3. While I am glad that it is so relatively easy to package new source releases (x86_64-darwin notwithstanding), it works as a great proof‐of‐concept for the new format, and I hate to poke at the sunk cost of the fun distraction here, I am still uneasy about the new packages being introduced here, especially in light of (1).

   We have already moved away from the source‐based PureDarwin dream and accepted a runtime dependency on the shipped binary code of the proprietary OS we’re targeting. I am not sure it makes sense to try and package every available source release of core system commands when canonical versions of those binaries are already bundled with the system that is required to run our packages in the first place, especially as we have to make sacrifices to functionality because of missing entitlements and private headers. It’s not like Apple release enough source dumps that you could avoid running things from /usr/bin, anyway.
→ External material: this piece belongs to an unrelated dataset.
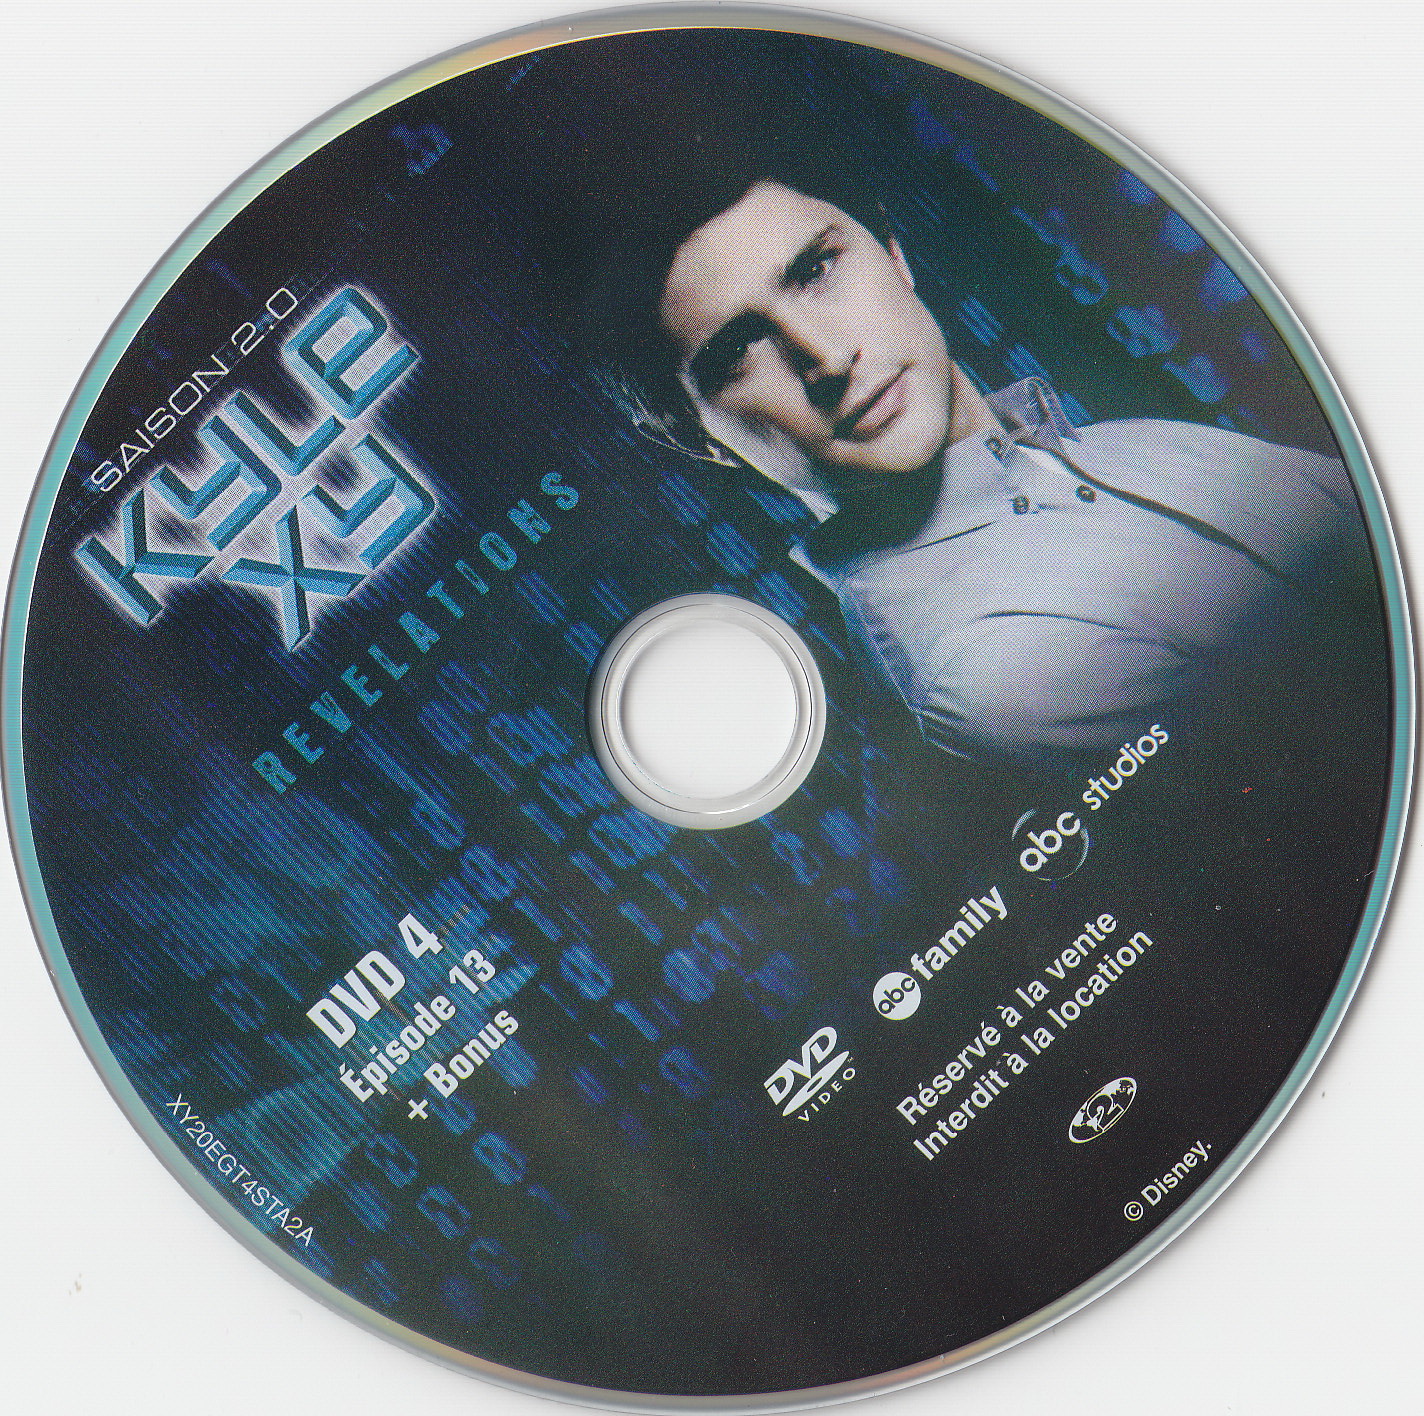 Kyle XY saison 2 DVD 4

   It would be one thing if it was a one‐and‐done job of packaging them and using their upstream build systems and then letting update scripts handle the rest, but we can see from this PR that new source releases often require active build system intervention due to our Meson rewrites, and I worry about this turning into a situation like we’ve had too much of in the past for Darwin, where the next person to maintain all this is resigned to going through the motions and burden of maintaining these packages despite extreme scepticism about whether anyone is actually benefiting from them. Additionally, these source dumps often require messing with private headers due to Apple’s messed up internal SDK situation, which makes them a distinctly different type of challenge from packaging any old random source dump of applications on the internet.

   I think we should focus on packaging things that are useful for Nixpkgs builds; even unixtools aliases that are not used anywhere else in the tree I am somewhat sceptical of.

[emilazy]

cc @tie for Bash review (please feel free to ignore this ping if you’re still taking a break!)